The reason why banks sign forward settlement contracts of 1 billion dollars with enterprises is that enterprises can provide relevant evidence (export contracts, customs export documents, etc.). ) think that there will be 1 billion dollars in the future. However, because the enterprise does not have 1 100 million USD at the expiration date of the contract, it not only avoids the risk of default, but also breaks through the principle of real need when the enterprise and the bank make differential delivery to some extent.

But a certain degree of breakthrough does not mean a comprehensive breakthrough, nor does it mean that the central bank is encouraging speculation. Because it is clearly stated in the notice, whether it is differential delivery or full delivery, we must adhere to the principle of real needs. In the above case, this means that although the enterprise still holds $80 million after the differential delivery with the bank, in principle, the enterprise can only sell this $80 million in the spot market. As for whether the enterprise sells in one lump sum or in installments, whether it sells in ICBC or CCB, that is the freedom of the enterprise, but the enterprise can no longer sign a forward settlement contract with the bank for this $80 million. In the future, when another payment of $20 million arrives, the enterprise can only settle foreign exchange in the spot market, and cannot sign a forward settlement contract with the bank based on this late $20 million.

Some friends may ask, can't enterprises sign forward foreign exchange settlement and sale contracts with banks many times by forging contracts, and then realize exchange rate speculation? Logically, it does make sense, but in practice, the risk is not small. If enterprises speculate on the exchange rate by forging the trade background, there will inevitably be a mismatch between the cash flow in their bank accounts, the cargo flow counted by customs and the transaction data of foreign exchange settlement and sale with banks.
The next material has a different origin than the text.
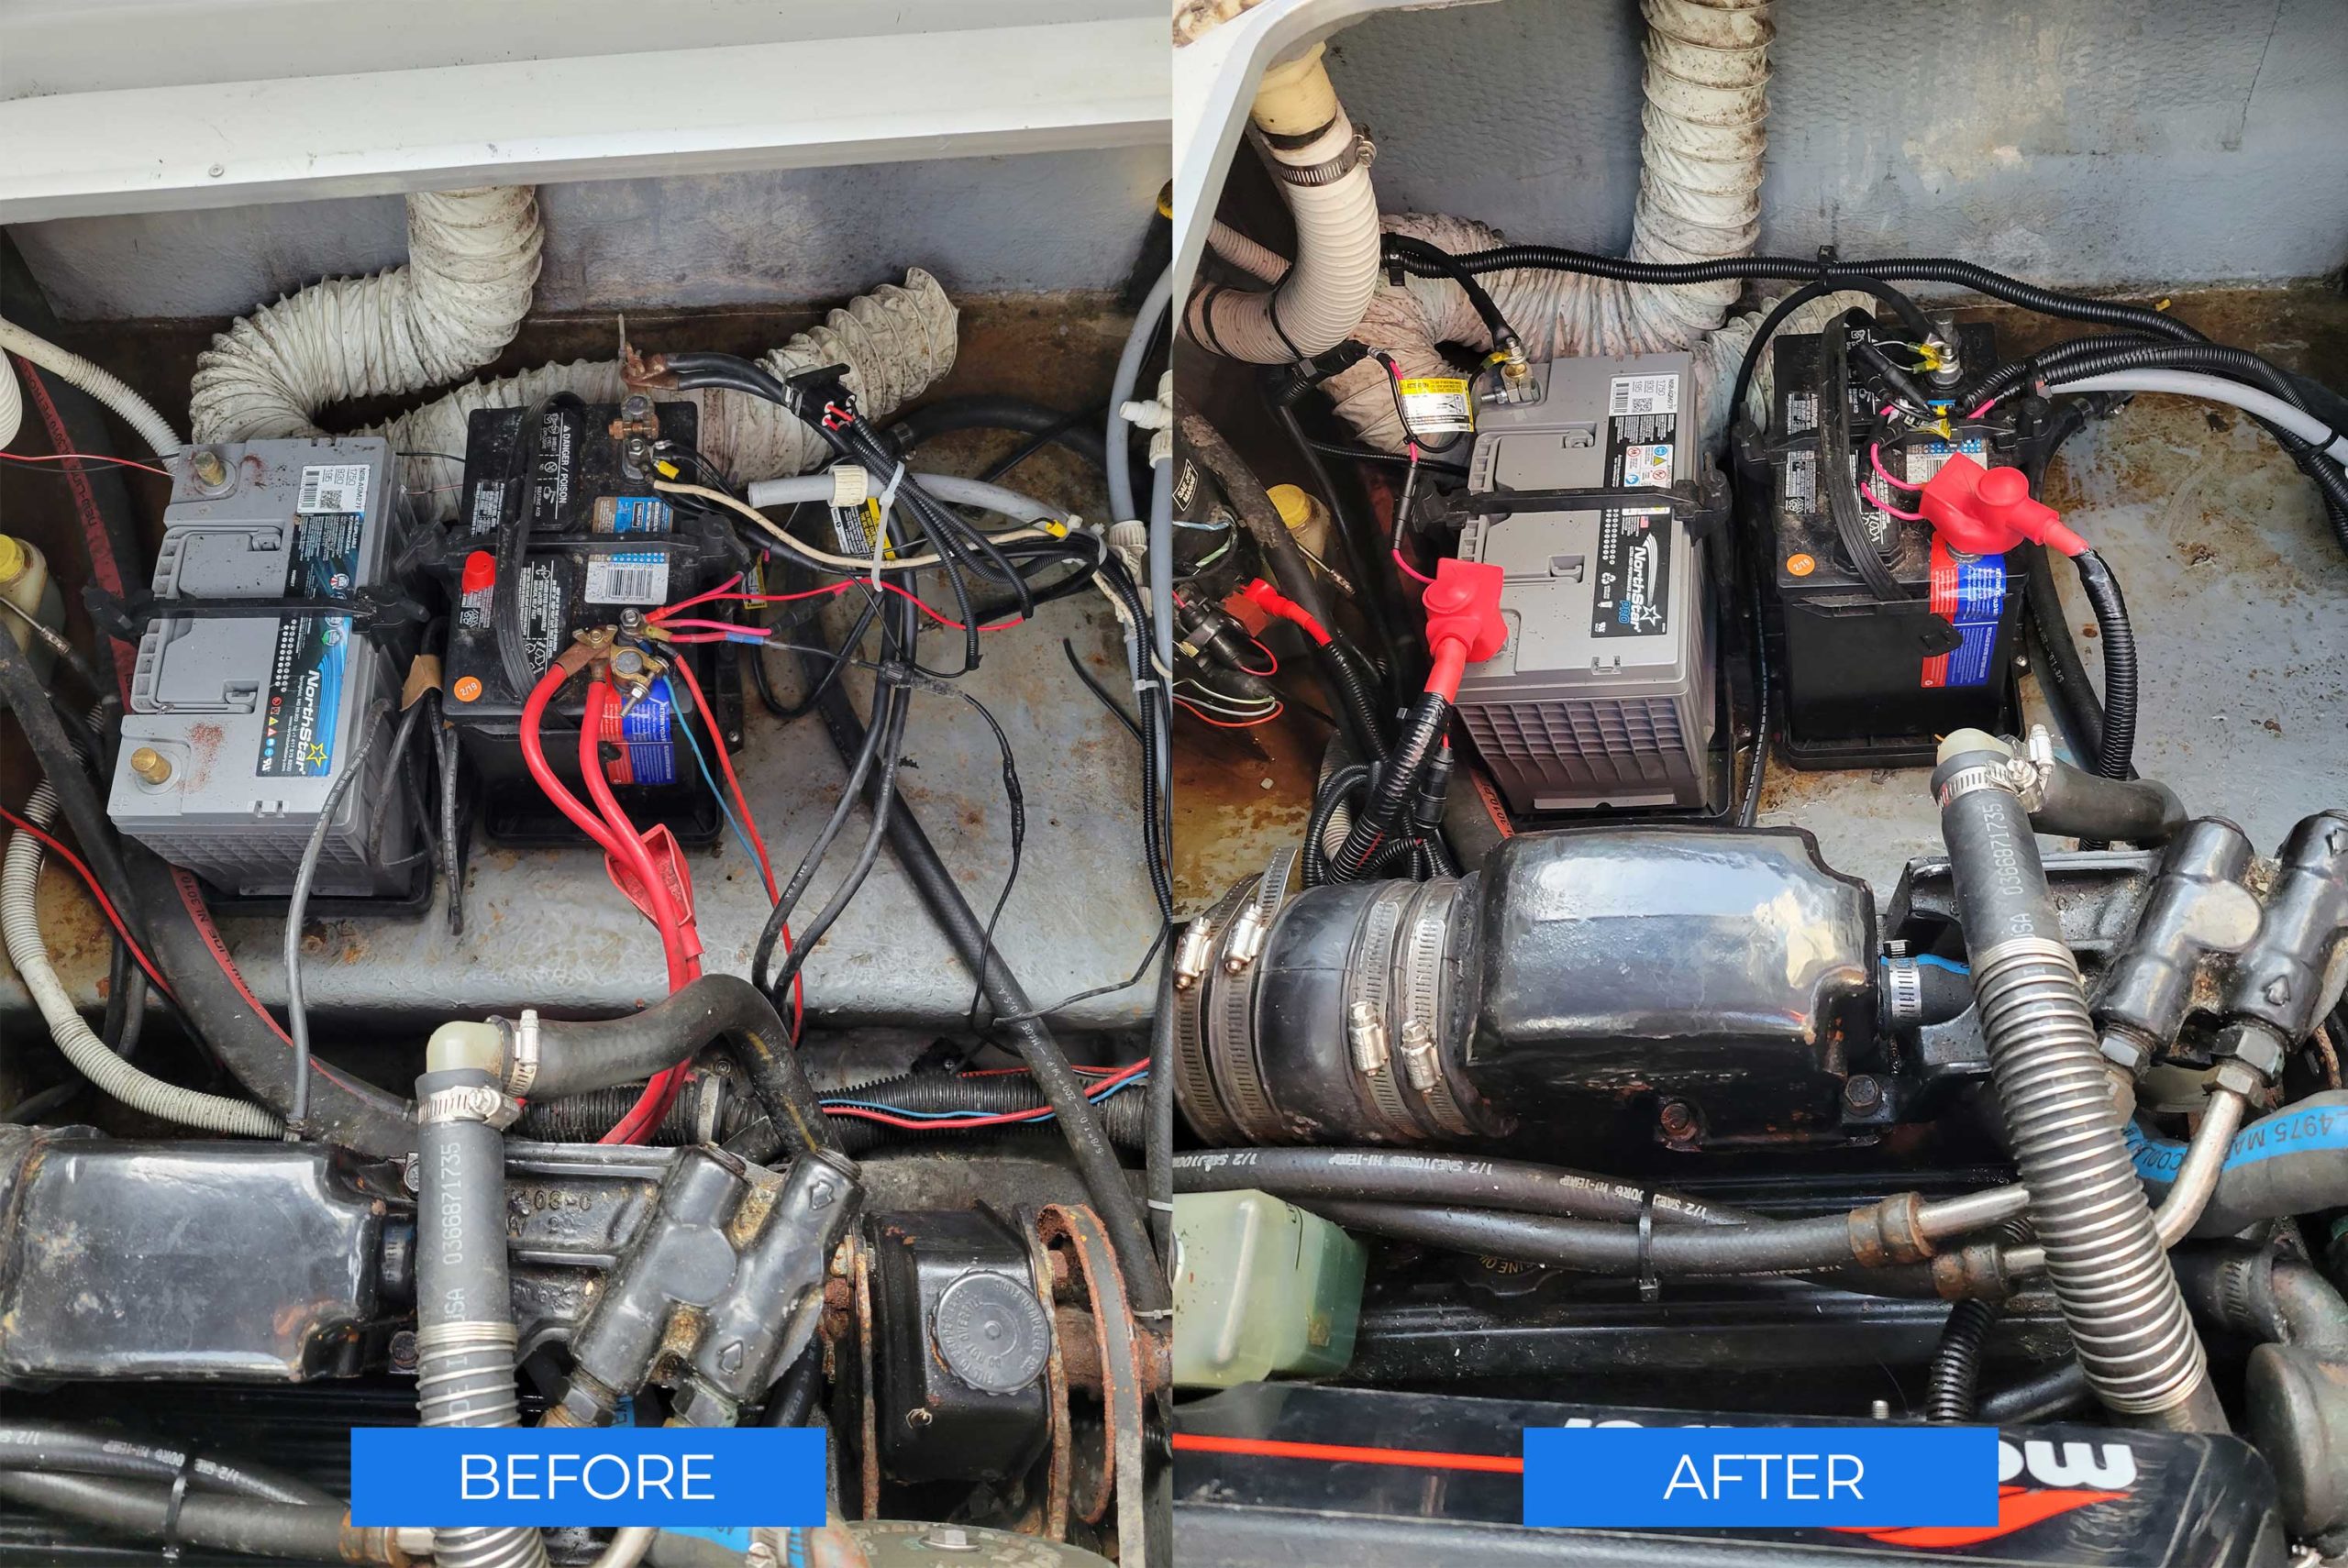 Livadia Before and After Part 3 | OS Marine & Boat Repair Services

Under the current regulatory technical conditions, this mismatch is easy to find. Once discovered, enterprises are faced with unbearable heavy penalties, so generally, regular operating enterprises of a certain scale dare not take this risk.

In short, although the forward settlement and sale of foreign exchange will break through the principle of real demand to a certain extent, it is difficult to encourage market speculation as long as the foreign exchange bureau adheres to the framework of the principle of real demand. Of course, this system design is indeed of great benefit to enterprises in managing exchange rate risks.